Dalal and colleagues conclude that data from this registry will provide important information about the natural history of ARVD, and may provide insights into its underlying mechanisms.

Commentary

This paper provides important information about the long-term natural history of patients with ARVD. Early reports on series of patients with sustained ventricular tachycardia (VT) with left bundle ECG morphology, often included both patients with AVD and those with more benign forms of RV outflow tract tachycardia. As ARVD became to be clearly recognized as a distinct syndrome, criteria for the diagnosis of ARVD were established to differentiate patients with benign forms of RV VT from those with ARVD. The registry data presented in this paper confirm that this syndrome is important chiefly because of the arrhythmias which characterize it.
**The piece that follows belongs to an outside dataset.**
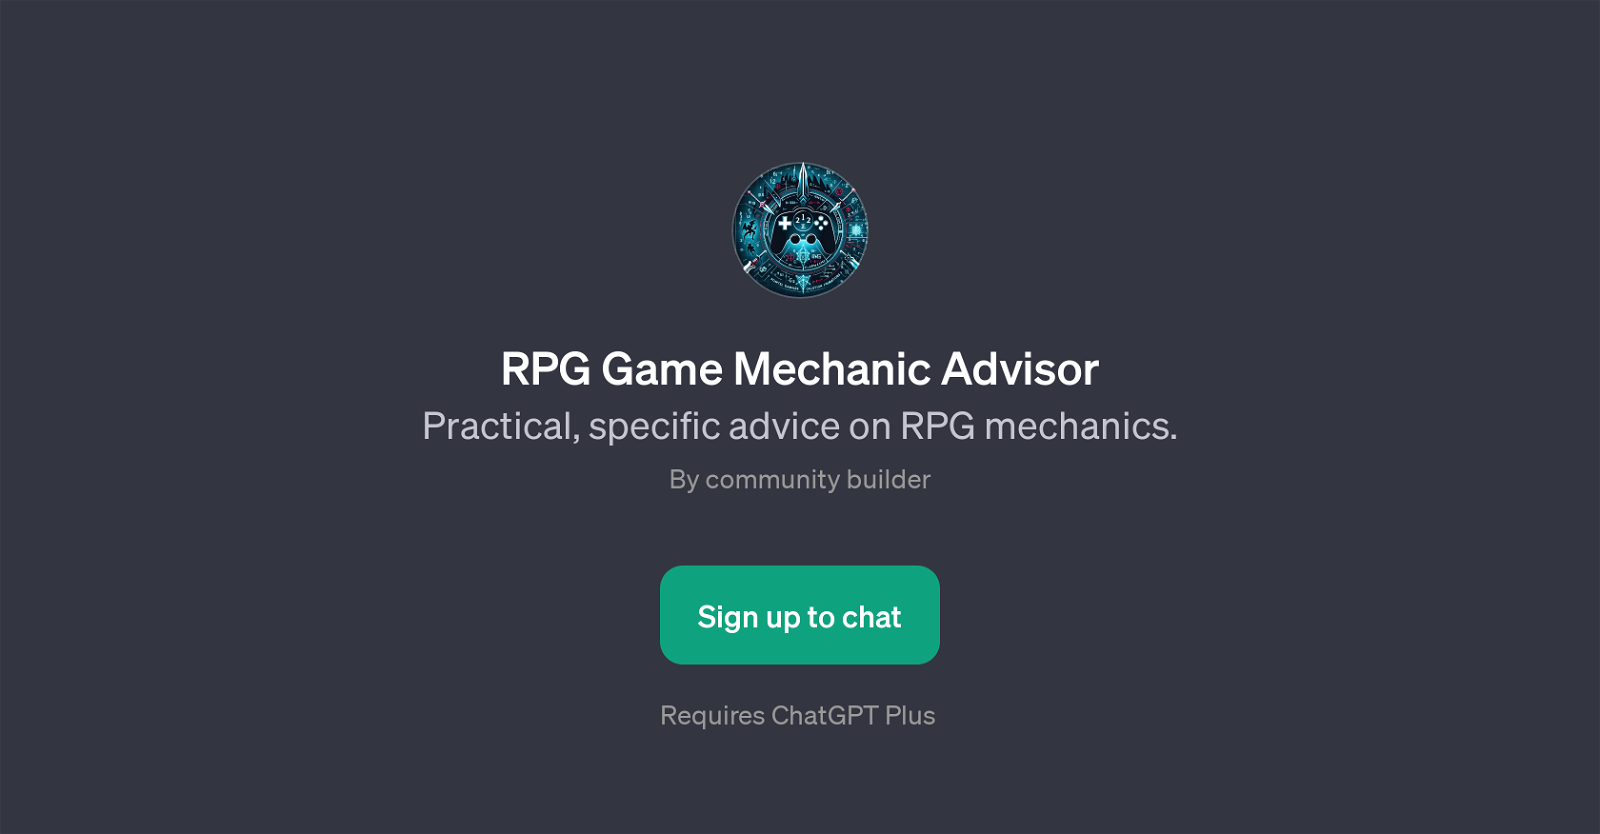 RPG Game Mechanic Advisor website
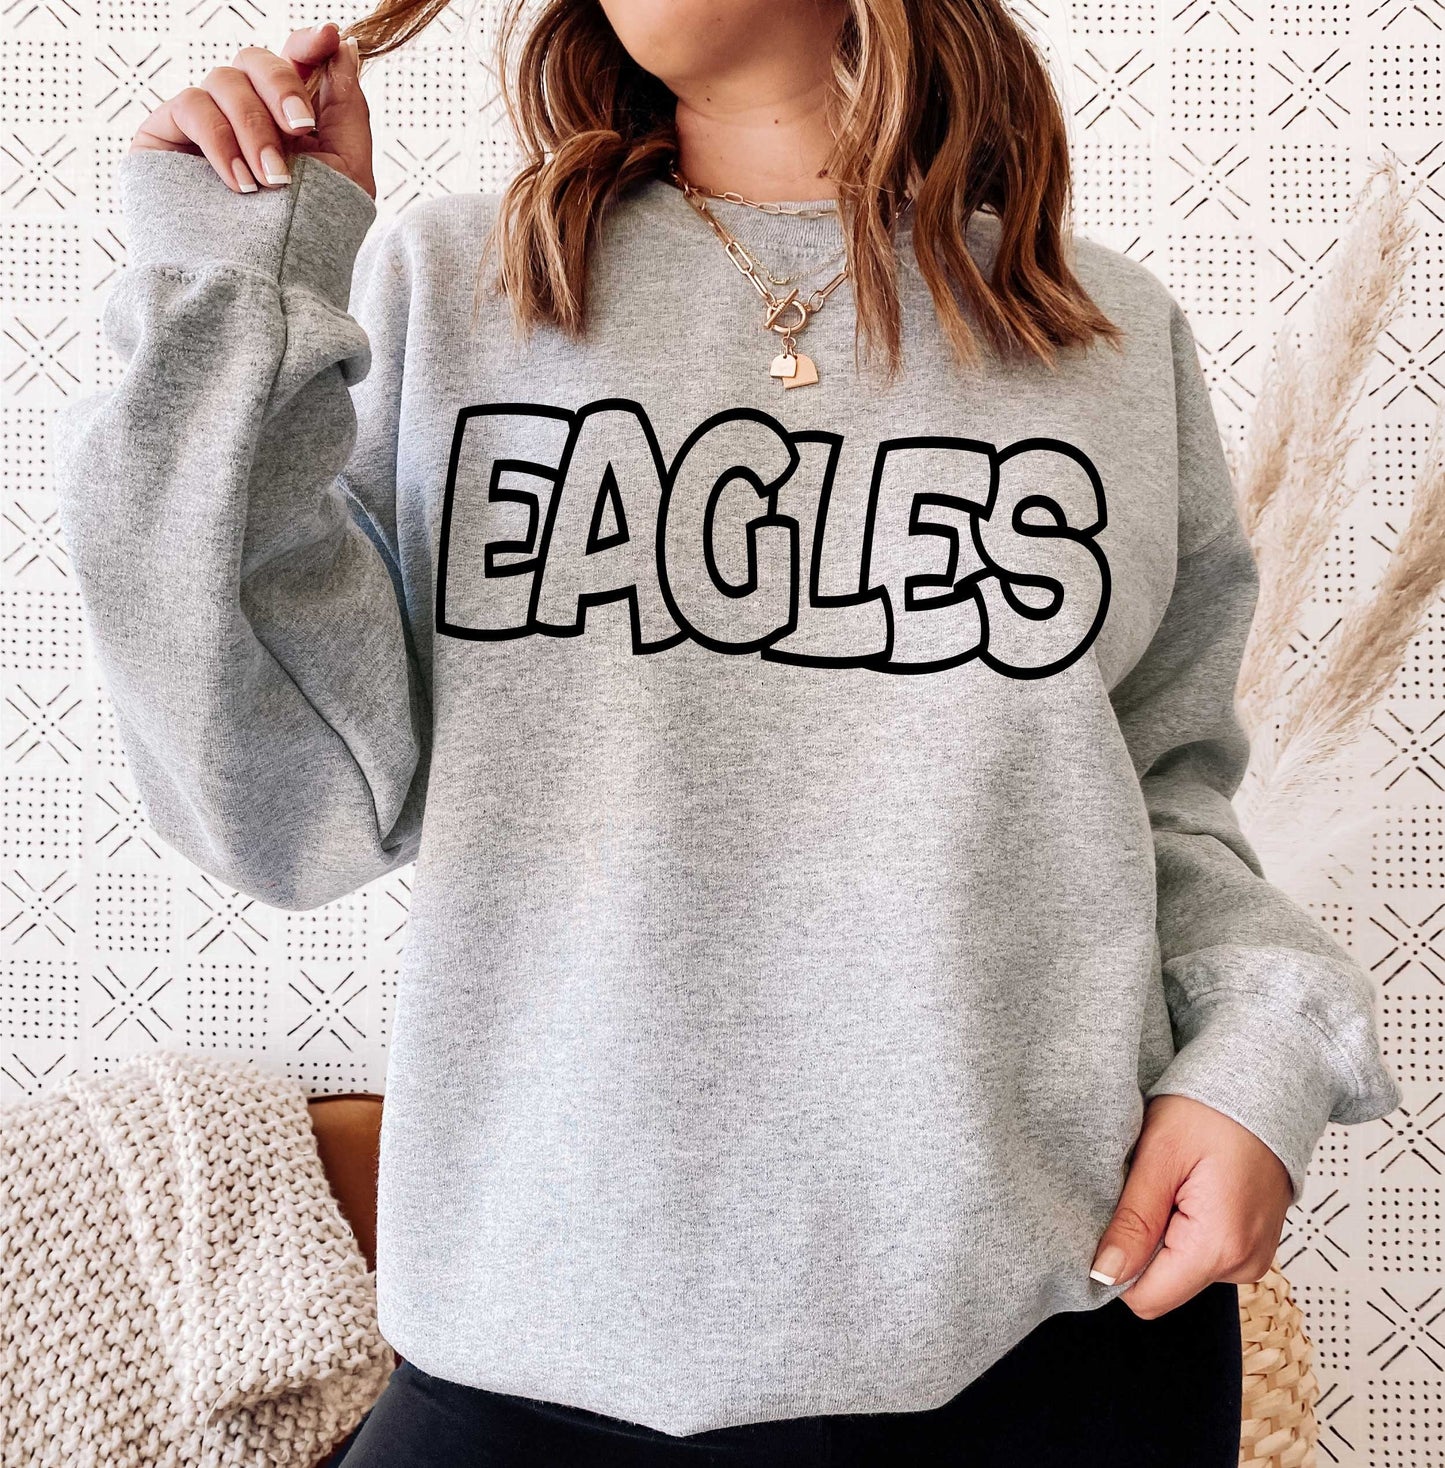 Eagles svg, Eagles Outline svg, Eagles shirt svg, Digital Design, Eagles Mascot

In several European series, many patients had a severe and progressive cardiomyopathy, but progressive heart failure seems to be much less important in North America. The reason for this remains unknown, but it is likely that ARVD includes several different causes and clinical manifestations. Even though right ventricular dysfunction can be quite marked, congestive heart failure is uncommon and rarely severe. Therefore, if ventricular arrhythmias can be controlled, mortality should be low.

Unfortunately, the arrhythmia pattern in ARVD patients can be highly variable. Some patients have relatively rare episodes of ventricular tachycardia, and ICD therapy, with or without antiarrhythmic drugs, should be highly effective. Other patients, however, have frequent or even incessant arrhythmias. In these patients, catheter ablation may be used to improve the arrhythmia pattern, even though total control is unusual.

We can expect in the future years to hear more data from the ARVD Registry. Of particular interest will be more information about the genetic basis for the disorder, which will hopefully allow us to be more certain in our diagnostic approach.